Responsiveness was evaluated as standardized effect size (ES) and standardized response mean (SRM) (Beaton et al. 2001), using paired t-tests to compare the changes in the scores from before and after the commencement of the COVID-19 pandemic. The ES was determined by calculating the difference between the means before and after treatment and dividing it by the standard deviation of the same measure before treatment. The ES is sensitive to between-subject variability, and SRM is sensitive to within-subject variability. The larger the SRM, the greater the responsiveness. An SRM of 0.20 was considered small, 0.50 as moderate, and 0.80 or higher as large. Next, correlations between changes in the EORTC QLQ-ELD14 and EORTC QLQ C30 scales were calculated with Pearson’s correlations.

All tests were two-tailed. Statistical significance was set at p < 0.05. Analyses were performed with IBM SPSS statistics version 26.0 software (IBM Corp, Armonk, NY, USA).

Ethics

This study was conducted in accordance with the ethical standards laid down in the 1964 Declaration of Helsinki and was approved by the Ethics Committee of Kyushu University (2019-450). All persons gave informed consent prior to inclusion in the study. Prior to the study, participants were asked to sign a written informed consent form to confirm their willingness to participate in this study.

Results

The proportion of missing items on the EORTC QLQ-ELD14 was 0.3–2.3% for those aged ≥ 60 years and 0.3–2.0% for those aged ≥ 70 years. The highest scored item was item number 12 (Have you felt motivated to continue with your normal hobbies and activities?) in “maintaining of purpose”. Missing data of < 5% for each item was considered acceptable (Fayers and Machin 2013).

Sociodemographic characteristics

The final analysis included 1803 individuals (aged 60 years and older) and 1236 individuals (aged 70 years and older). The characteristics of the participants are described in Table 1. The mean age of the patients was 73.04 ± 6.858 in the ≥ 60 years age group and 76.55 ± 5.093 in the ≥ 70 years age group. There were 62.3% men (aged ≥ 60 years) and 65.8% men (aged ≥ 70 years). The period of diagnosis was 2–5 years in 46.4% of those aged ≥ 60 years and 45.6% in those aged ≥ 70 years.
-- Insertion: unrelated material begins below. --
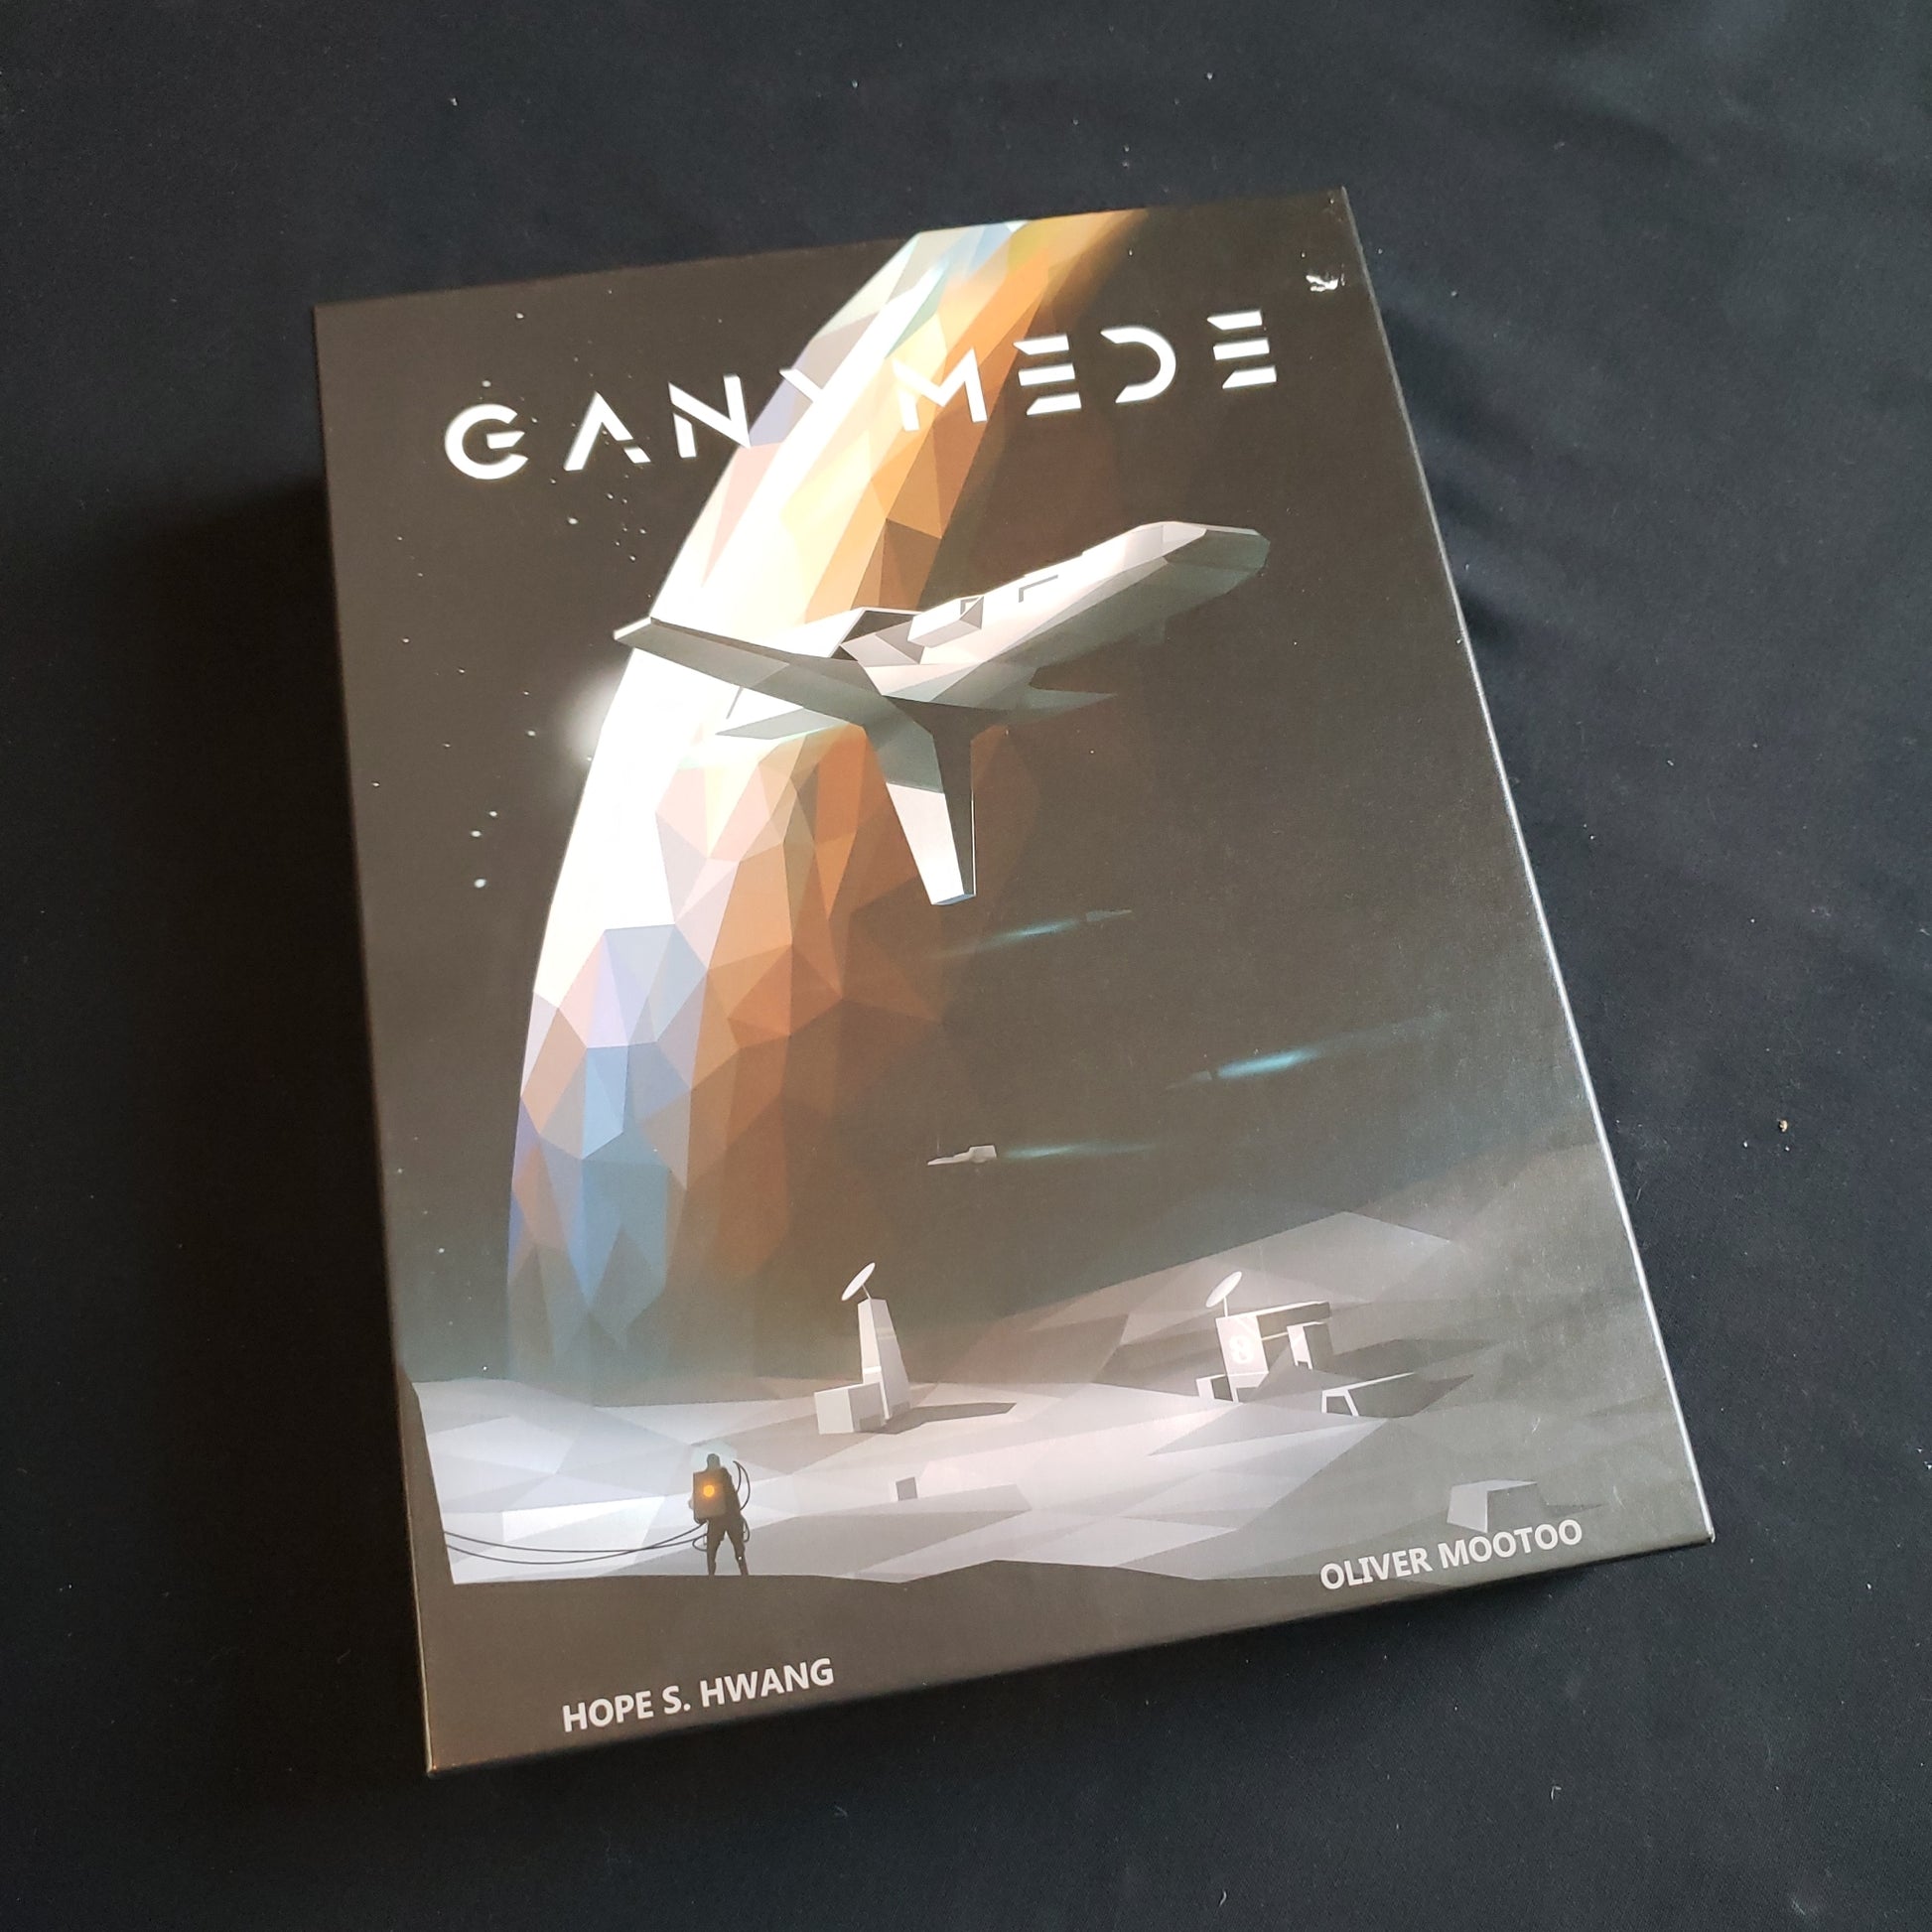 Image shows the front cover of the box of the Ganymede board game

Table 1 Baseline information

Reliability

Internal consistency—Cronbach’s α

Table 2 shows that all the measures met the criteria for internal coherence (Cronbach α). Cronbach’s α for the scales was considered sufficient for all items with a value higher than 0.70; the exception was “maintaining purpose” with values of 0.65 in the ≥ 60 years age group and 0.62 in the ≥ 70 years age group, and “worries about others” with values of 0.67 in the ≥ 60 years age group and 0.68 in the ≥ 70 years age group.

Table 2 Cronbach’s α and multitrait scaling analysis on the EORTC QLQ-ELD14

Reliability—ICC

Table 3 shows the ICCs, and ICCs ≥ 0.7 were considered sufficient. ICCs for all the scales were above 0.80 in the ≥ 60 years age group and above 0.70 in the ≥ 70 years age group.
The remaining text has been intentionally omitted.